_Task statement_
Wherever pictures appear in the listing below, leave them out, and copy exactly, and only, everything from the line with "Small Graffiti On Street Pole" down to the line with "Minneapolis Wedding Gowns: Minnesota".

**** Input

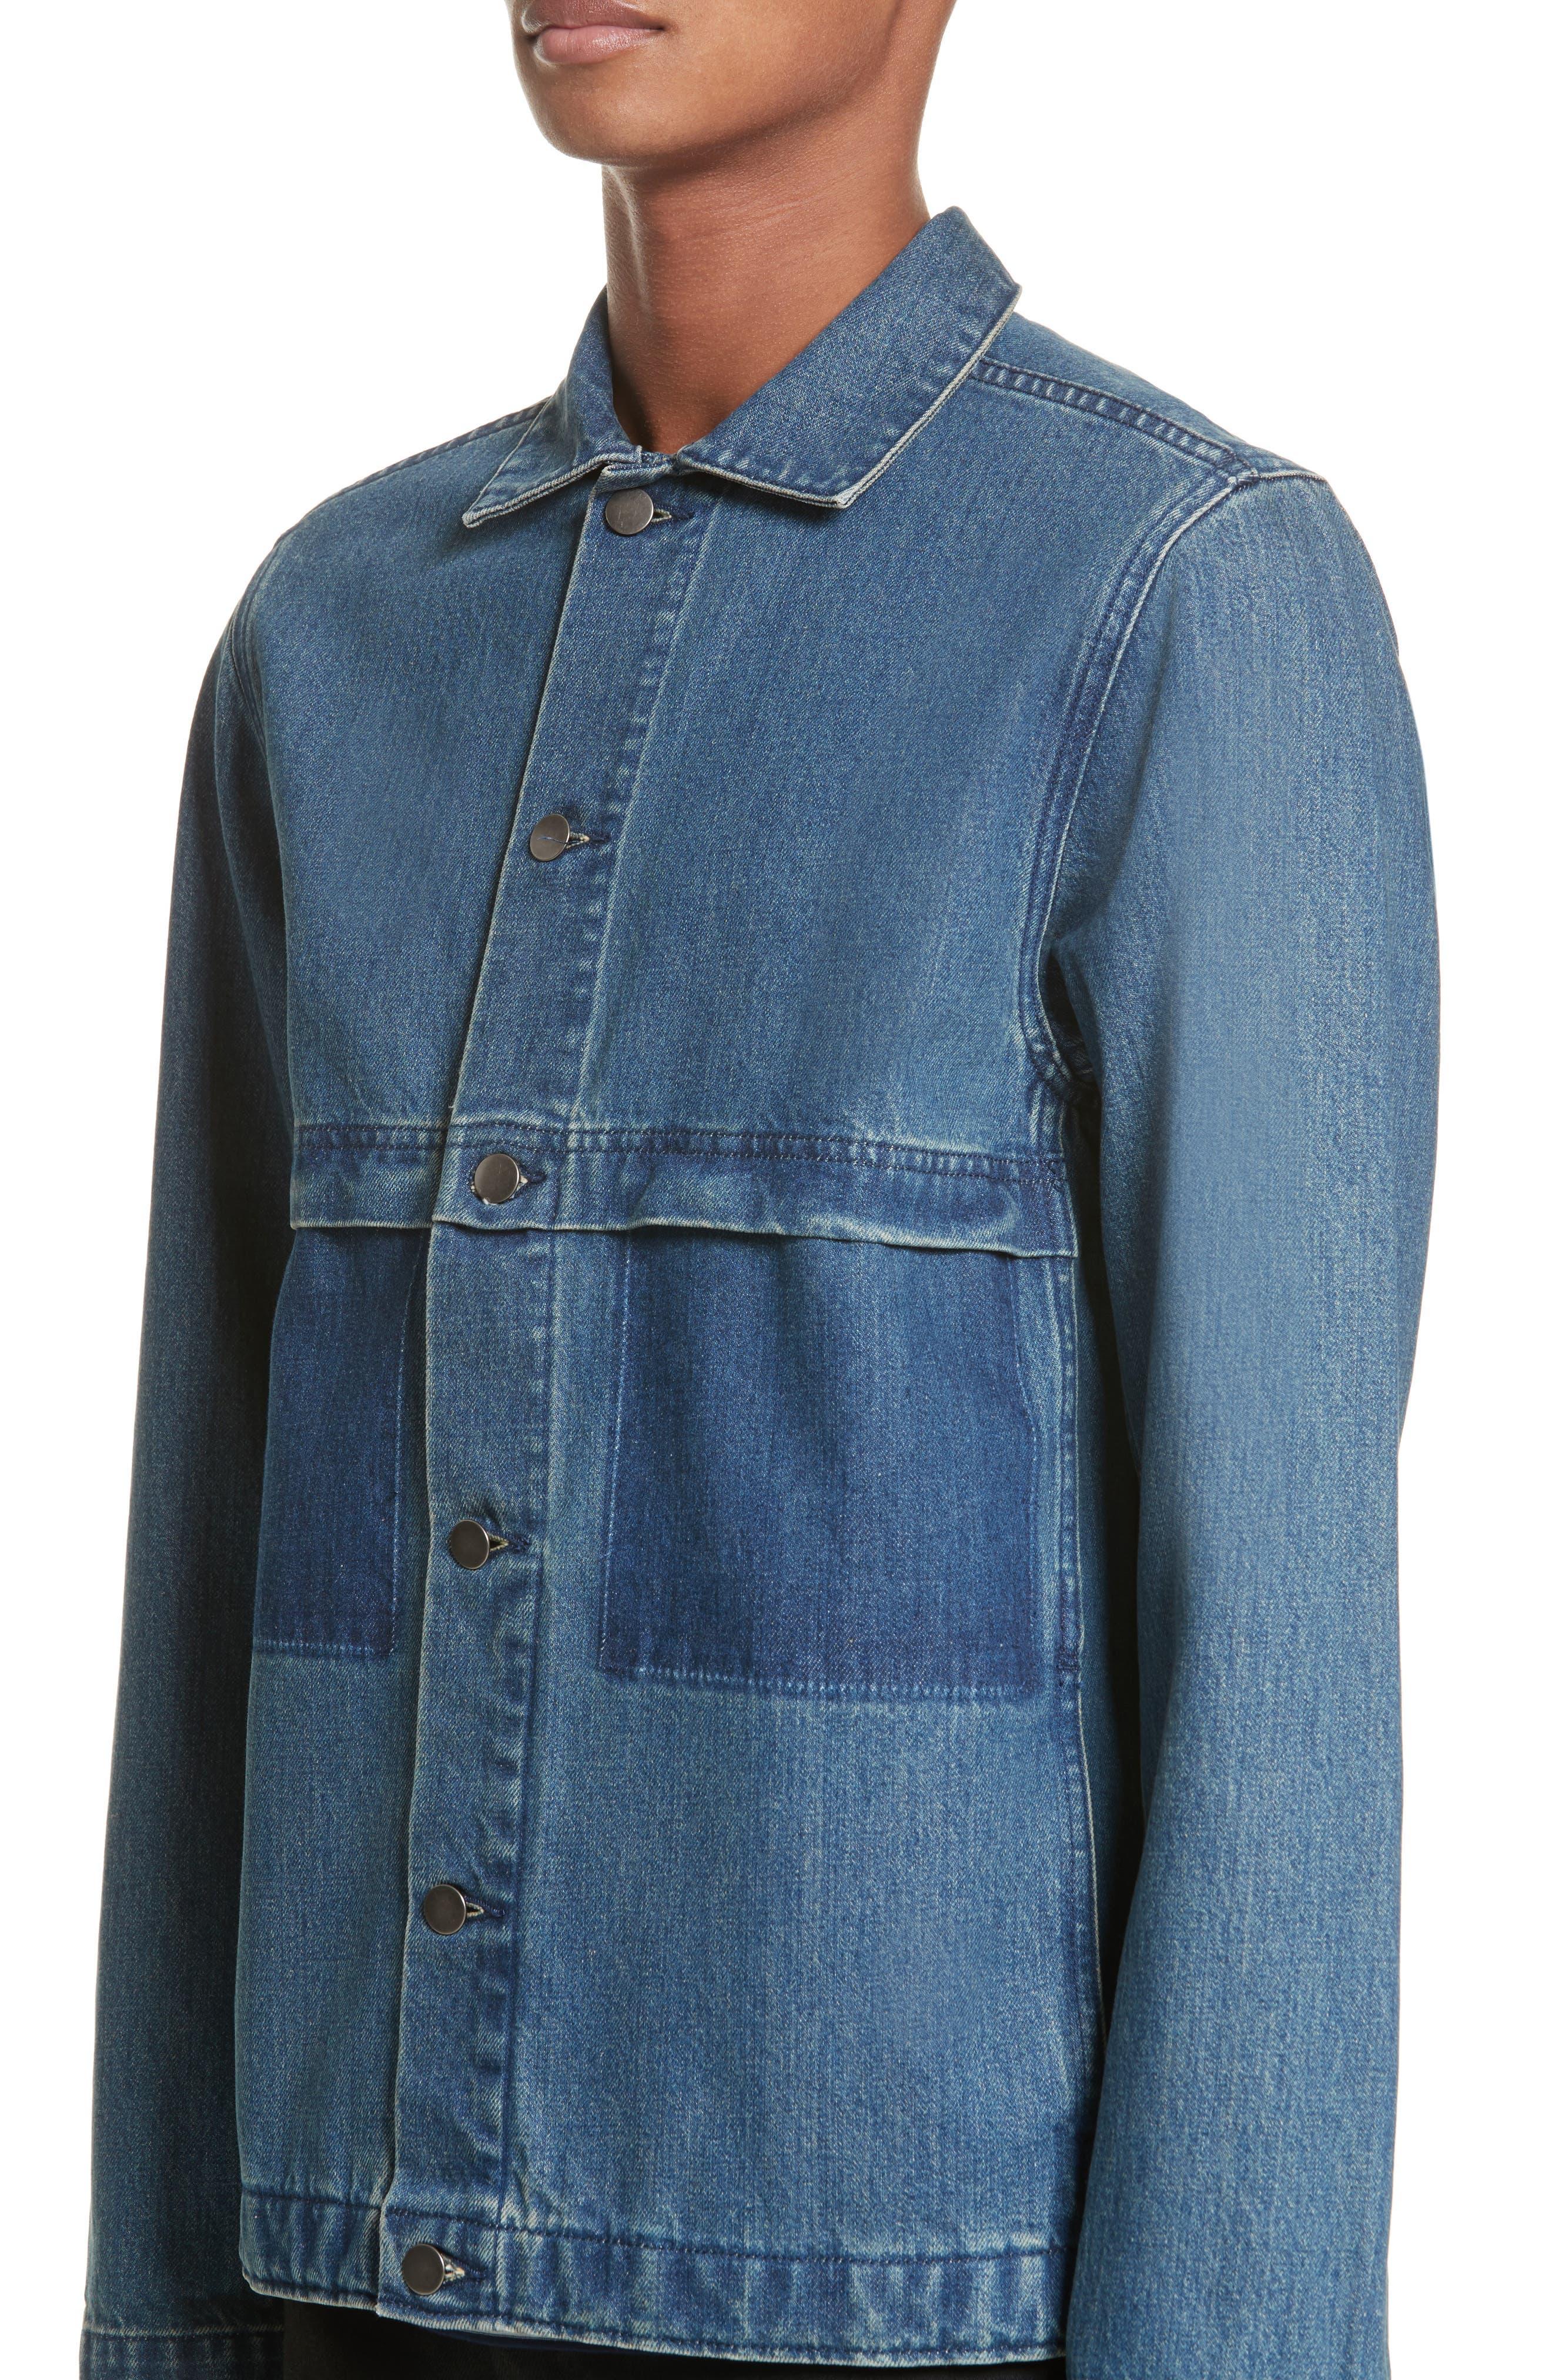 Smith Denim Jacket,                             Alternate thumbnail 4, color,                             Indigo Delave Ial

********
**** Input

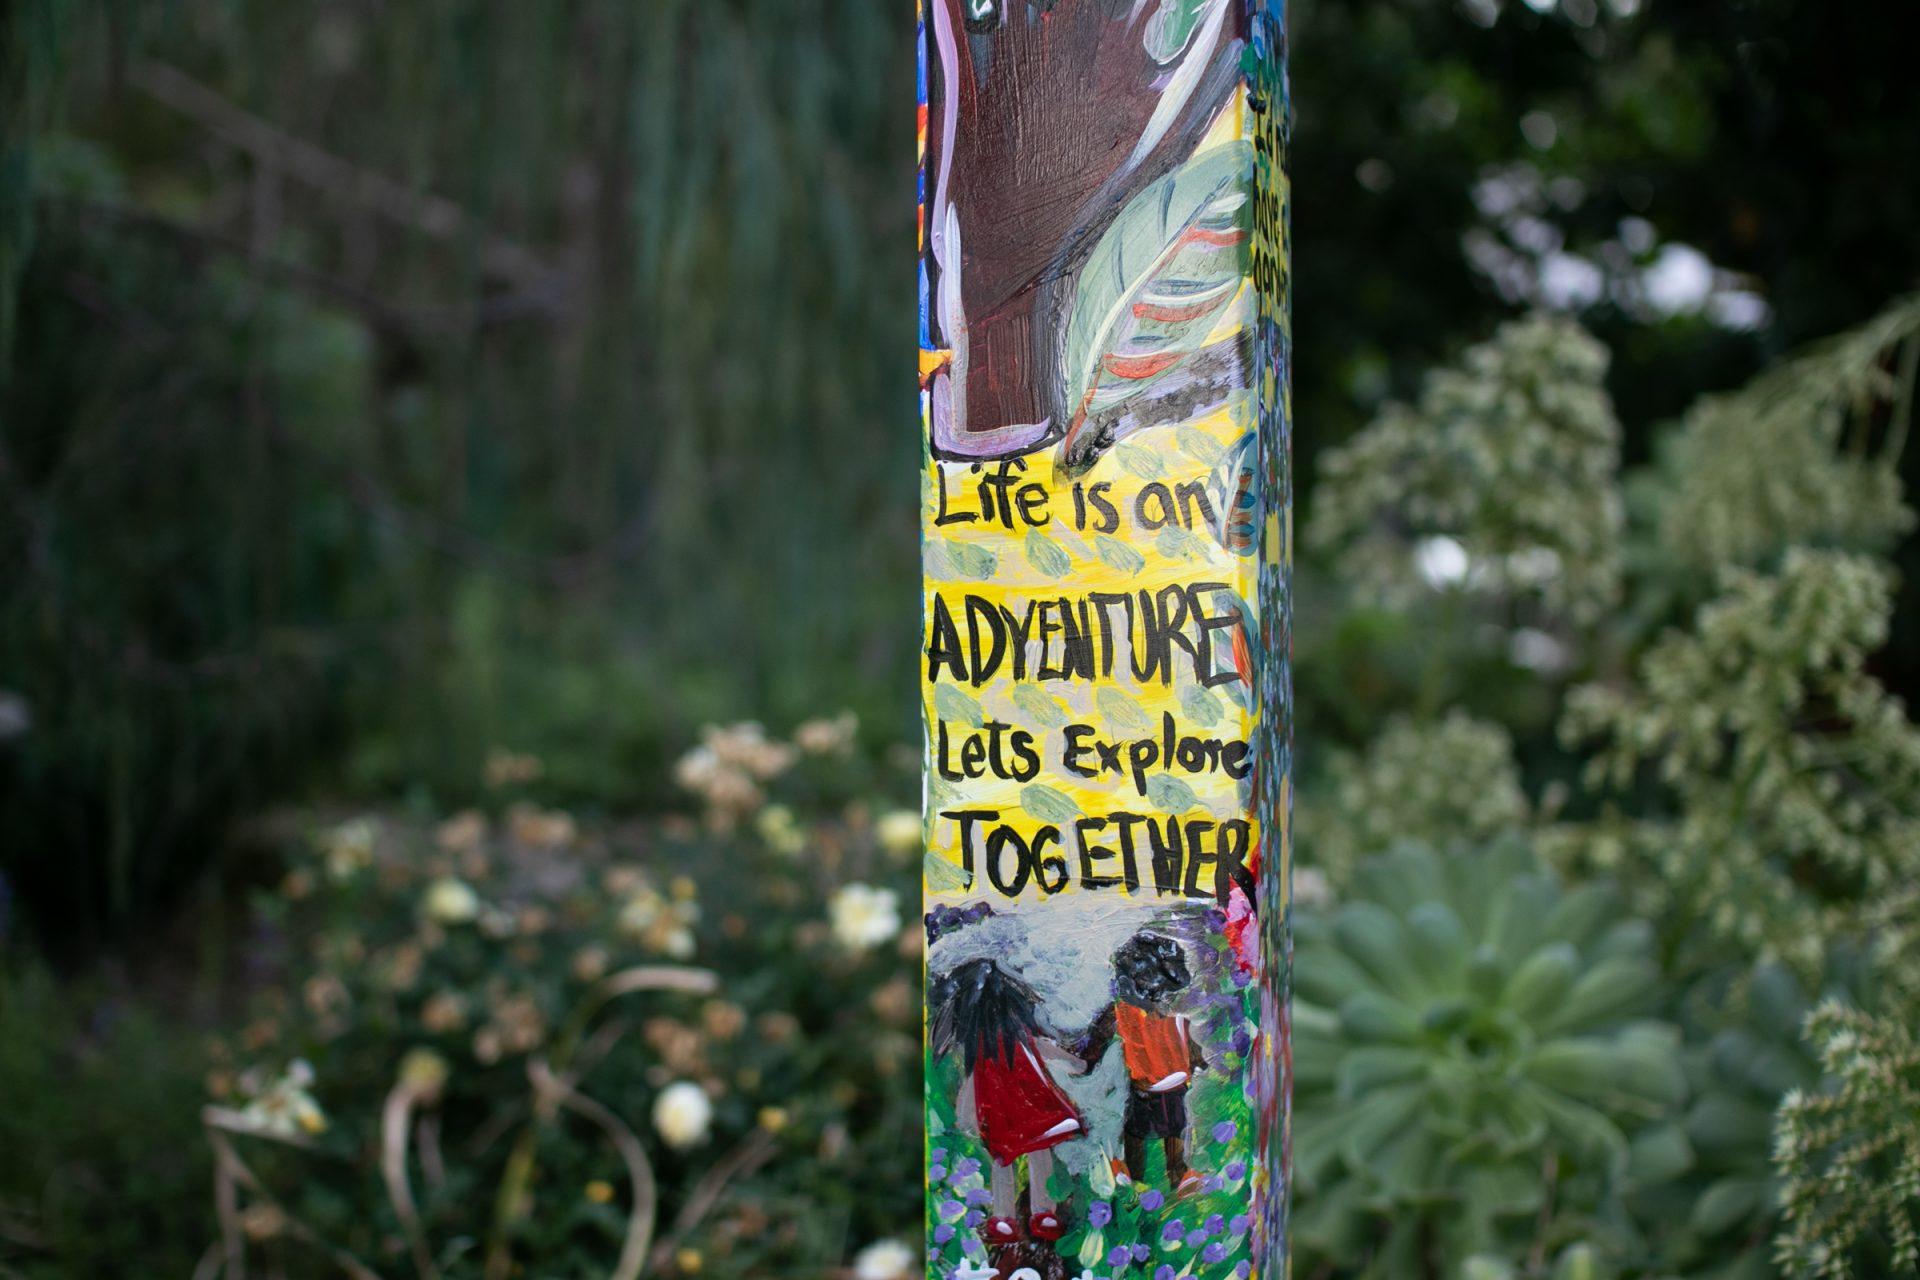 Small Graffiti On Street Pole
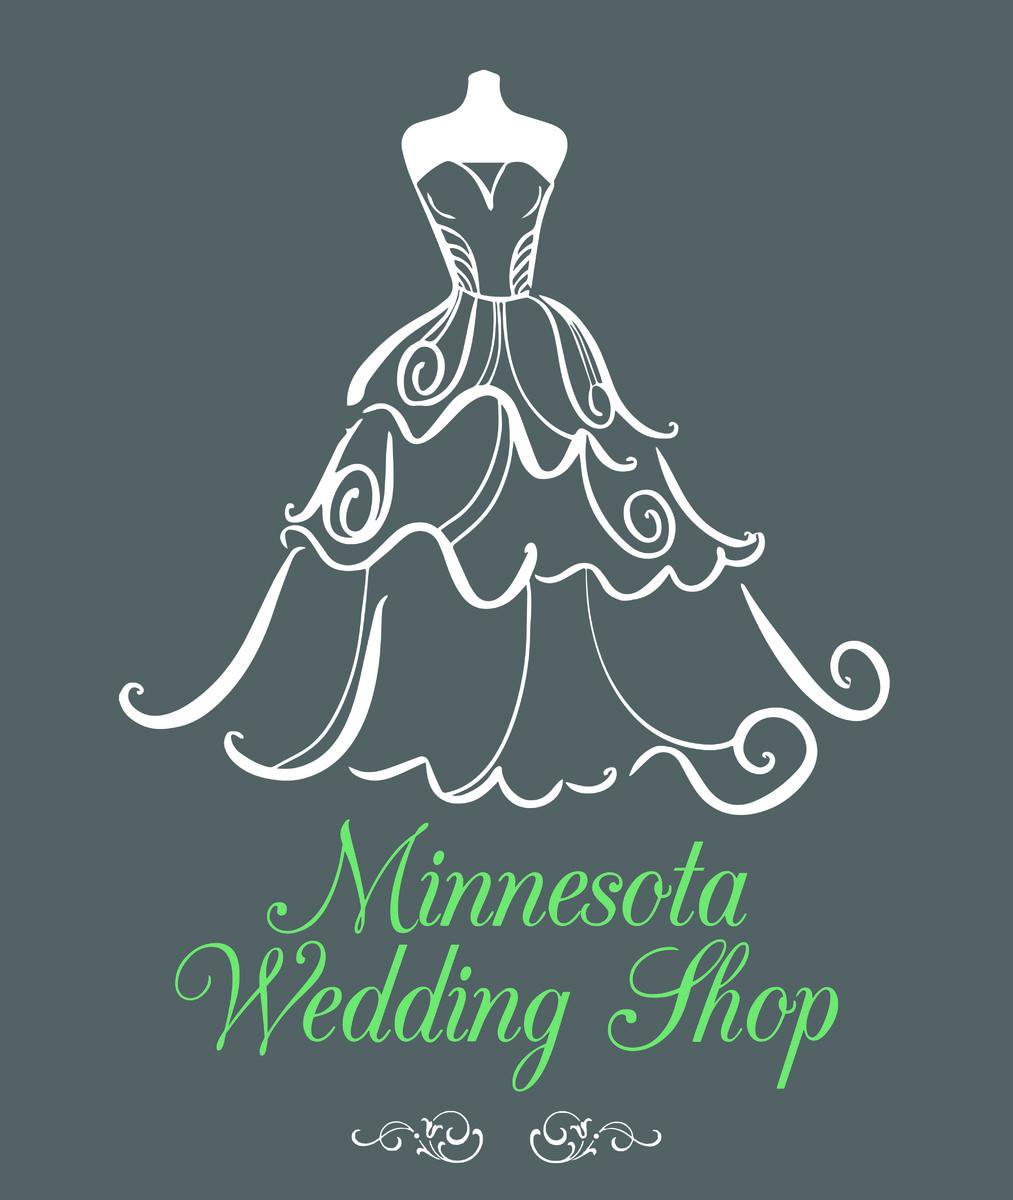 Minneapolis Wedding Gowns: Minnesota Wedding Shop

********

_Output for this exercise_
 Small Graffiti On Street Pole
 Minneapolis Wedding Gowns: Minnesota Wedding Shop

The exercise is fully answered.